▶ **DATASET EXCERPTS**

++++++++++

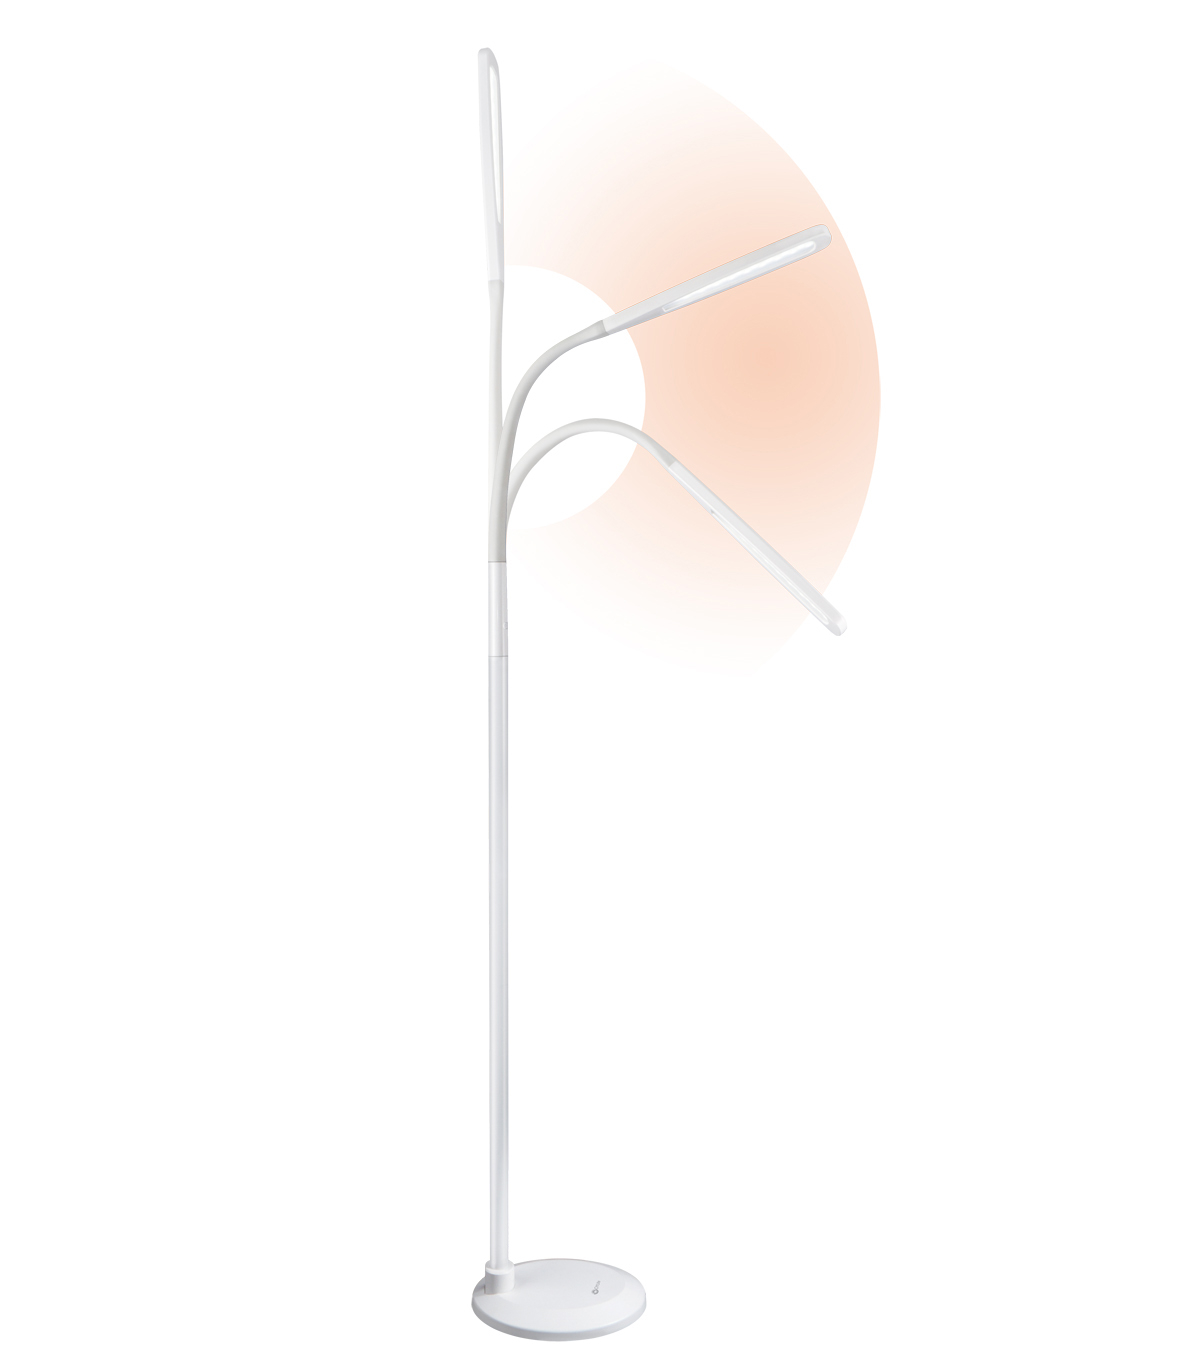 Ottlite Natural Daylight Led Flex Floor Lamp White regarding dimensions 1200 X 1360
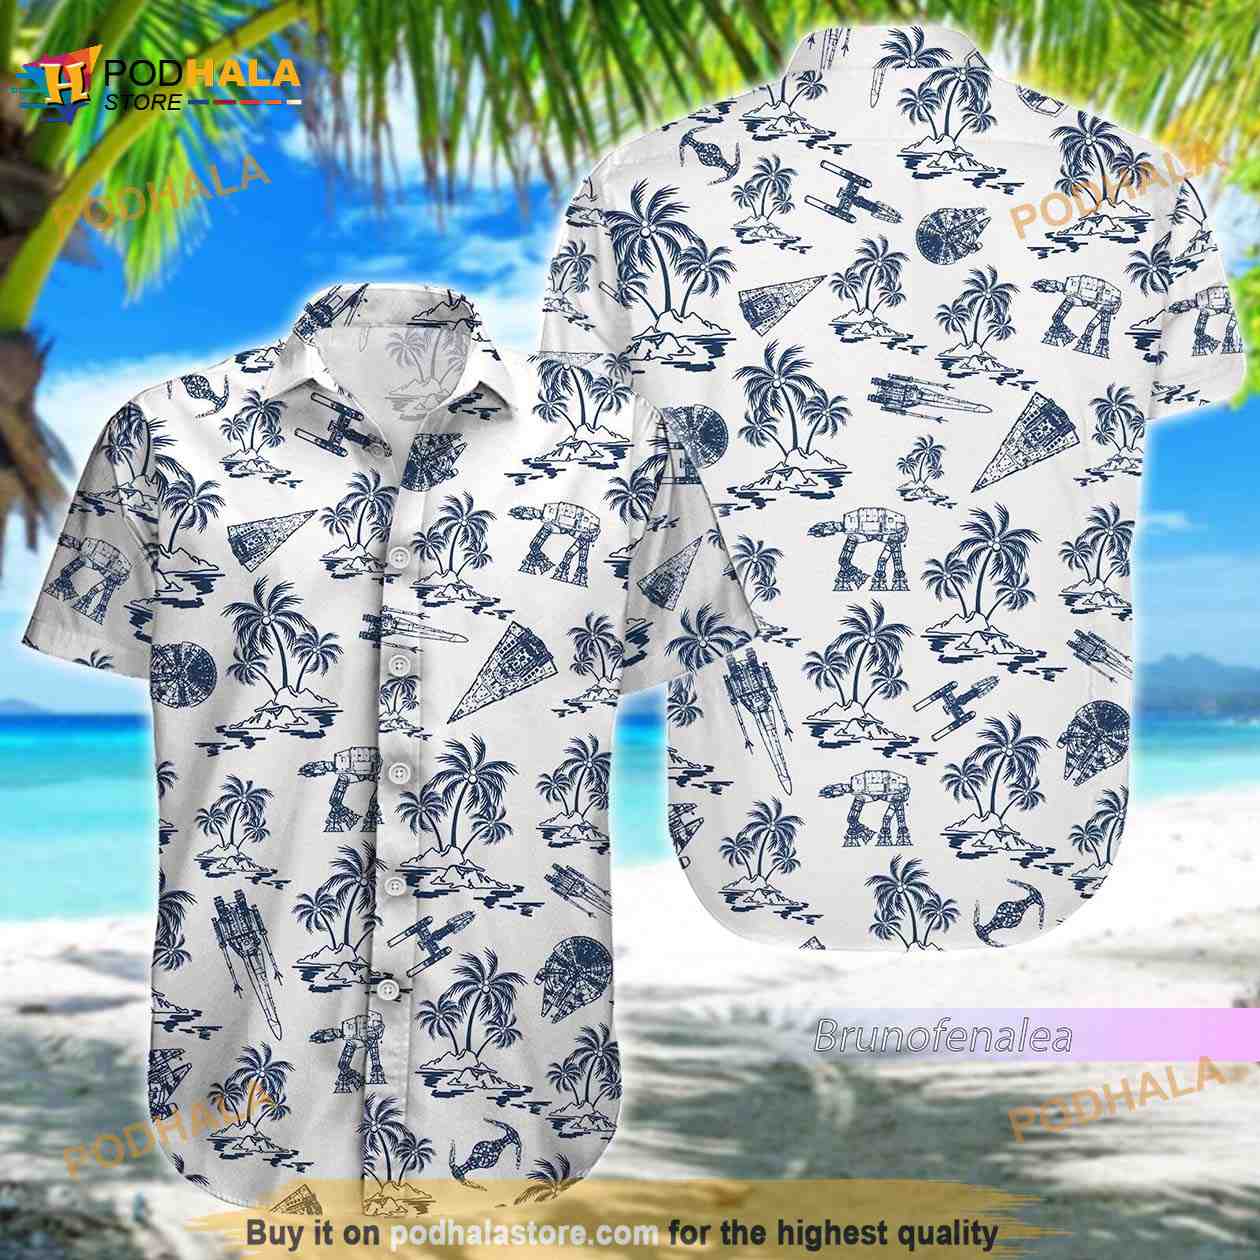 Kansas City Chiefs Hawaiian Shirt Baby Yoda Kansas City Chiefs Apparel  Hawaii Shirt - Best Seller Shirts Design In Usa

++++++++++

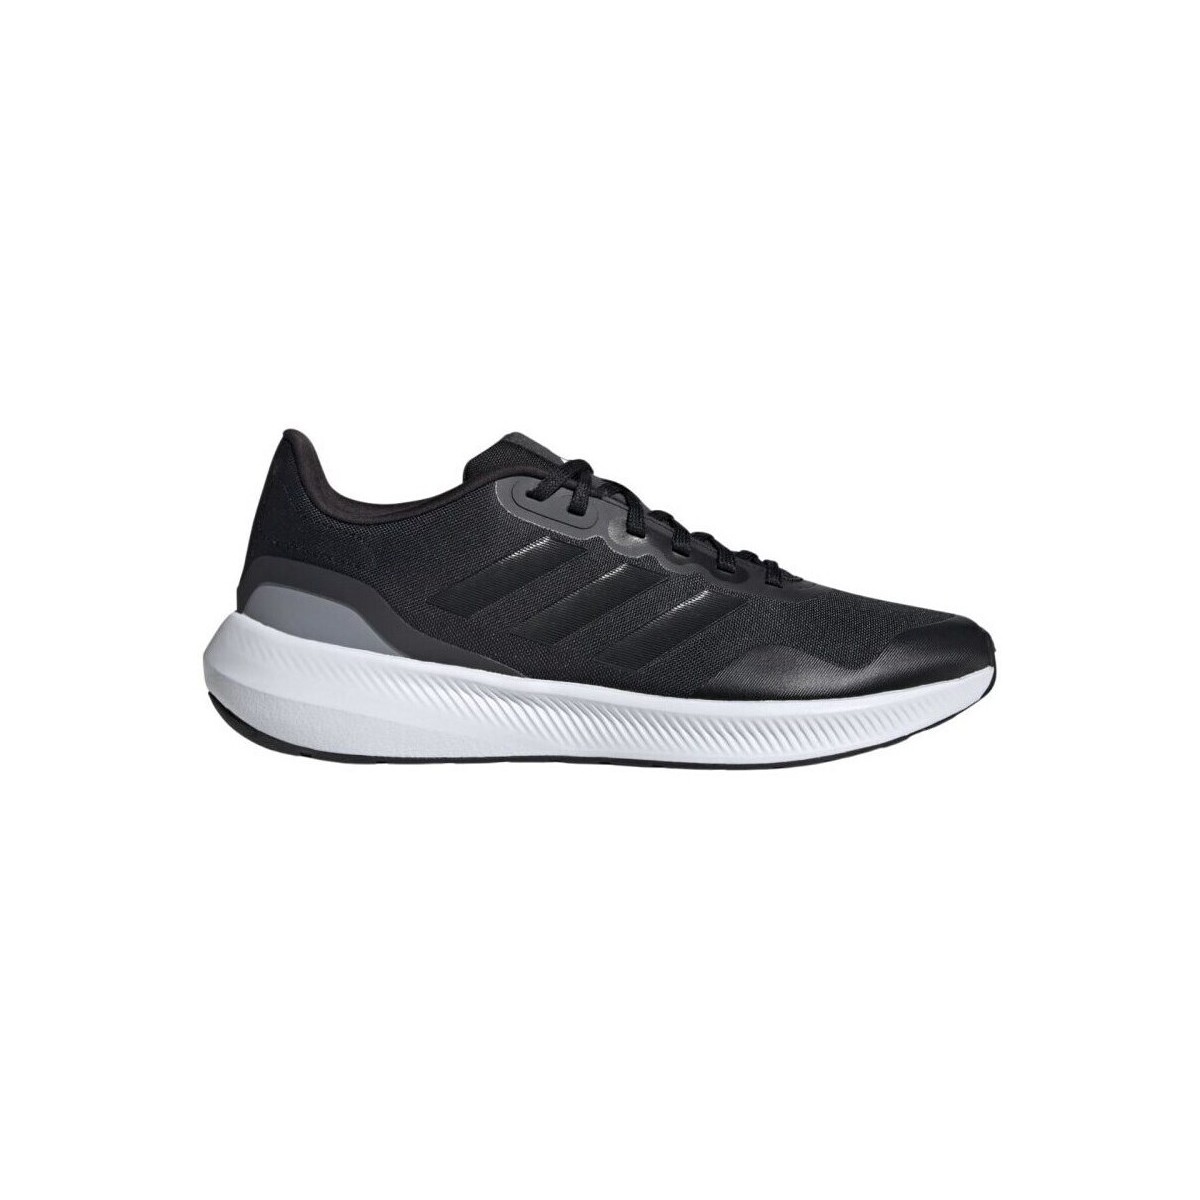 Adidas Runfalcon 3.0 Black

++++++++++

The answer is the lines of the material above, from the one containing "Ottlite Natural Daylight" down to the one containing "Kansas City Chiefs Hawaiian", given exactly and without images.

▶ **REPLY**
 Ottlite Natural Daylight Led Flex Floor Lamp White regarding dimensions 1200 X 1360
 Kansas City Chiefs Hawaiian Shirt Baby Yoda Kansas City Chiefs Apparel  Hawaii Shirt - Best Seller Shirts Design In Usa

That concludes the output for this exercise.